Now that brackets are out, we wanted to do a rundown of the draws for each of the top teams. Based purely on preseeds and not factoring in any bonus points, the Buckeyes project to win the team title with 125 points next Saturday, ahead of Penn State's 112.


Ohio State coach Tom Ryan and his staff qualified every weight, and nine Buckeyes received top seven seeds. Having nearly an entire team of All-Americans would be necessary to beat PSU and its top-heavy middleweights.

What we're doing here is doing a deep dive on the draws for Ohio State, and giving a range of projected point totals. Obviously, the range is 0-30 for every wrestler in the tournament, but we try to give a realistic picture of how many points each could score.

125: Nathan Tomasello, SR

There are four national title contenders at 125, and only two of them have ever wrestled an NCAA tournament match. Tomasello is the two seed after winning Big Tens and appears to be wrestling the best he has all season.

NaTo’s bonus points will likely come on Thursday, as after that he’ll get in some battles. I think he ends the year the same way he started it, ranked #1. That being said, his floor is to finish fourth.

On Friday, he’ll have to win a tight one in the quarterfinals against either Sebastian Rivera or Taylor LaMont. Then the big one, the rubber match with true freshman Spencer Lee of Iowa. In each of the past two seasons, Tomasello has lost in the semifinals to a Hawkeye: Thomas Gilman in 2016 and Cory Clark last year.


There's no doubt NaTo can win again. It's just a matter of being himself for five matches and taking out strong competition such as Nick Suriano, whom Tomasello has never wrestled, and Darian Cruz, whom he had several excellent battles with in high school.

Range of Points


133: Luke Pletcher, SO

There is no one seeded as high as Pletcher is (third) with such a low bonus rate. His team points will come in the form of advancement and placement. On Friday morning, we’ll see him against returning All-American and EIWA champ Scotty Parker of Lehigh. Parker is good on top and might be able to withstand Pletcher’s positioning and throw-by attempts.

Should Pletcher win, he’d see Stevan Micic for the third time this season. Although Pletcher won the first one in Las Vegas in December, the Micic we saw in East Lansing, Michigan, last weekend could beat anyone in the country, maybe even Seth Gross. On the other hand, a loss to Parker would leave him with either Jack Mueller or Austin DeSanto.

Pletcher seems to be able to land anywhere from third to the round of 12. He’s been too good this year to not finish as an All-American, but I think he still underperforms his seed. Placing high will be crucial to the Buckeyes’ team title hopes.

Range of Points


141: Joey McKenna, JR

Just like Tomasello, Joey McKenna missed the first part of the year but has turned it on late. He went unscored upon at Big Tens and this season has wins over five seed Kevin Jack and eight seed Nick Lee.
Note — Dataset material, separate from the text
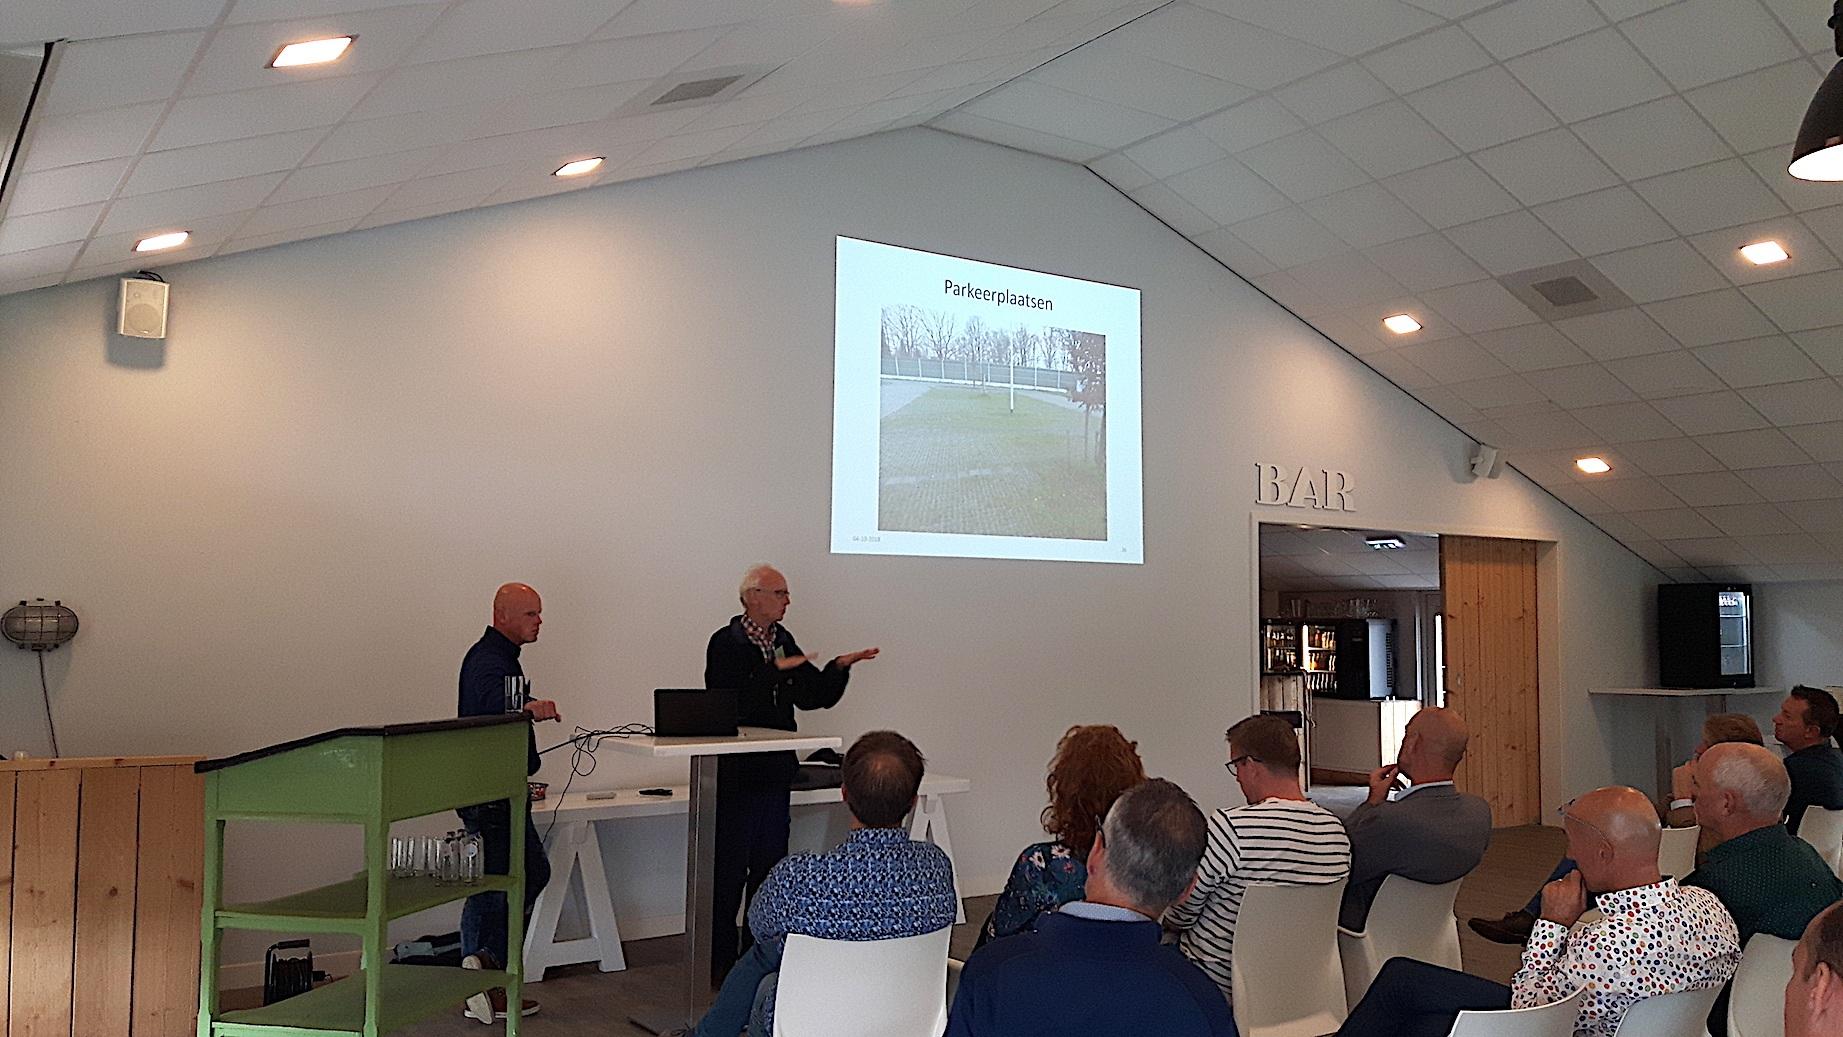 Presentatie BAS klantendag Mark Graafland en Geert van Poelgeest, KNNV.jpg

McKenna was third as a freshman and did not place last year, so there’s a pretty big range of where he could place. Looking at his draw this year, he should cruise to the quarters and maybe even get some bonus along the way. Once there he’ll face Jack, and I think we’ll see a similar match to McKenna’s 6-2 win in the final dual of the year.

In the semis, he’d see top seed Bryce Meredith. In the 2016 NCAA semis, Meredith won 5-3, and then McKenna returned the favor 3-1 in last year’s CKLV finals. So there’s no reason McKenna couldn’t make his way to the finals and could even win it.
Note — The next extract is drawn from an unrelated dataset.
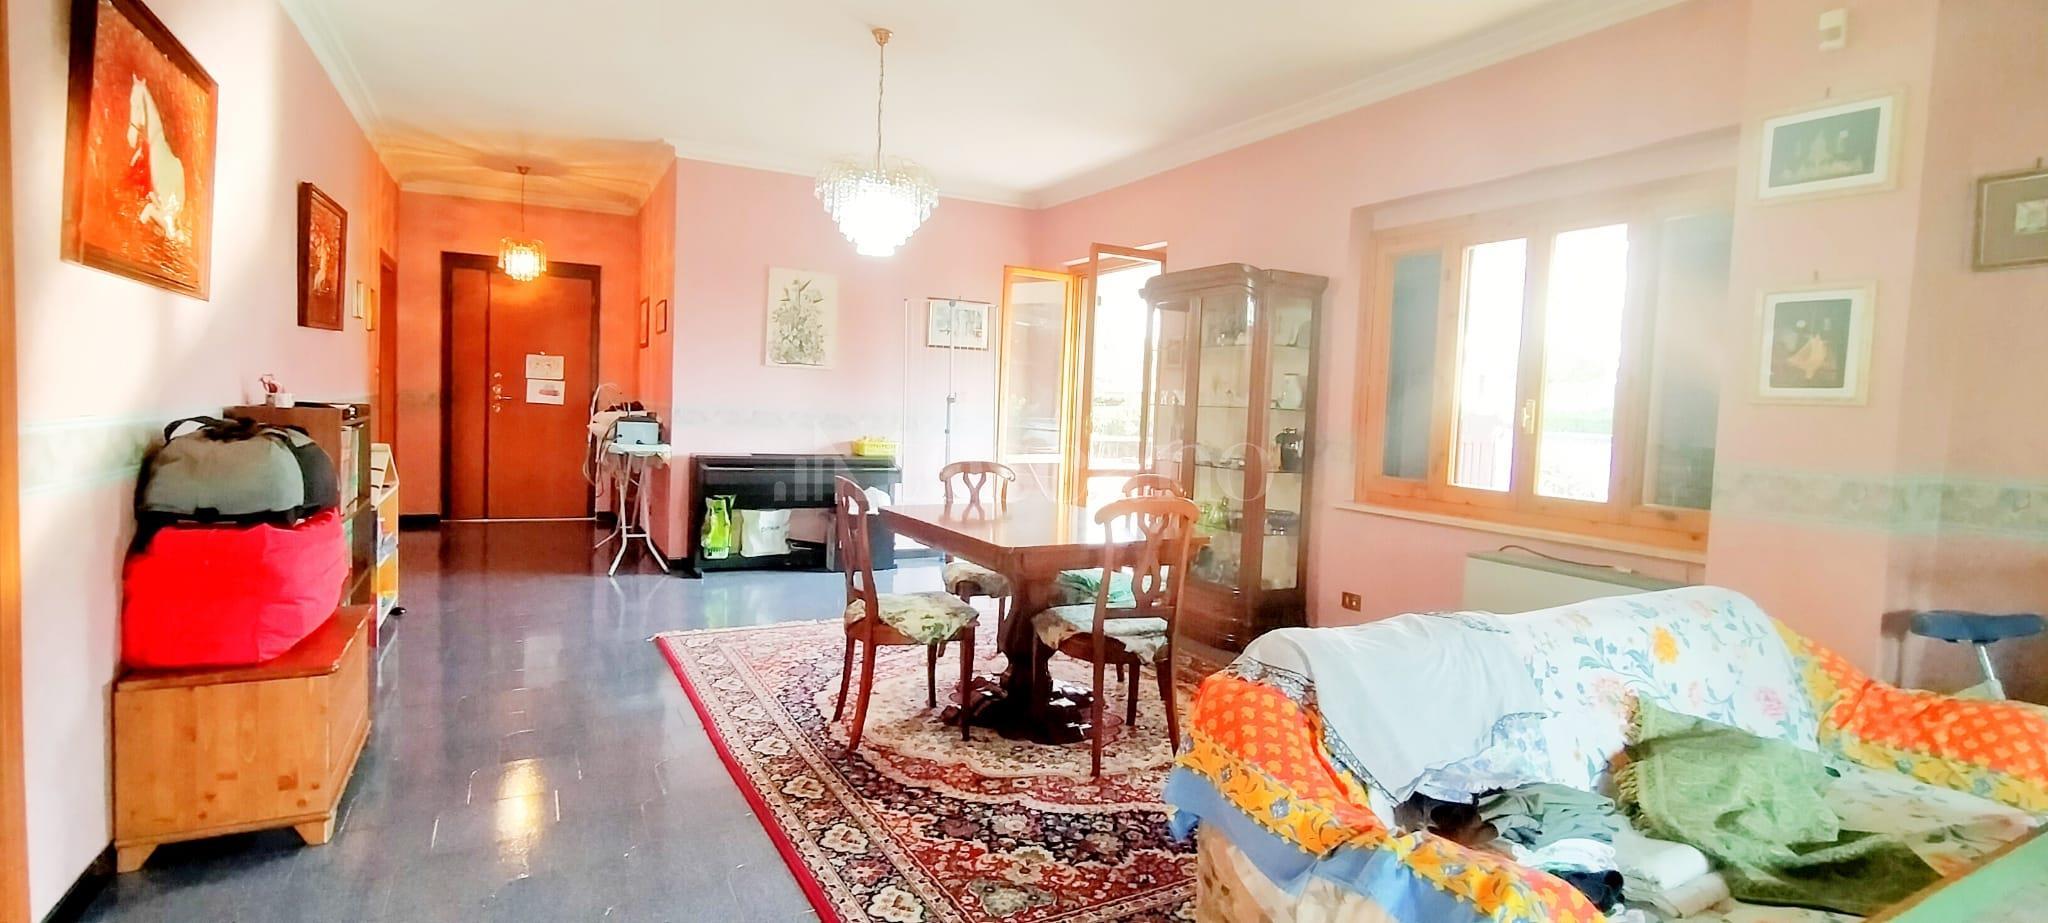 Villa in vendita di 350 mq a €799.000 (rif. 58/2020) immagine 9 di 15

If McKenna loses to Jack in the quarters, he could see Tommy Thorn on the backside yet again, who has pinned and majored him the past two years. If he loses in the semis to Meredith, he’d see a guy like Yianni Diakomihalis or Dean Heil in the consi semis.

Range of Points


149: Ke-Shawn Hayes, SO

On paper, Ke-Shawn Hayes has a tremendous draw to the semis and then runs into Zain Retherford. Hayes should be able to handle Malik Amine right out of the gate and then either Ryan Blees or Michael Sprague on Thursday night, possibly even picking up a couple majors in the process.

On Friday morning, Hayes will see Troy Heilmann, the same Heilmann whom he was beating 6-0 at CKLV before ultimately losing. Their high school and college careers point to Hayes being the favorite again, but Heilmann beat him once so he may do it again.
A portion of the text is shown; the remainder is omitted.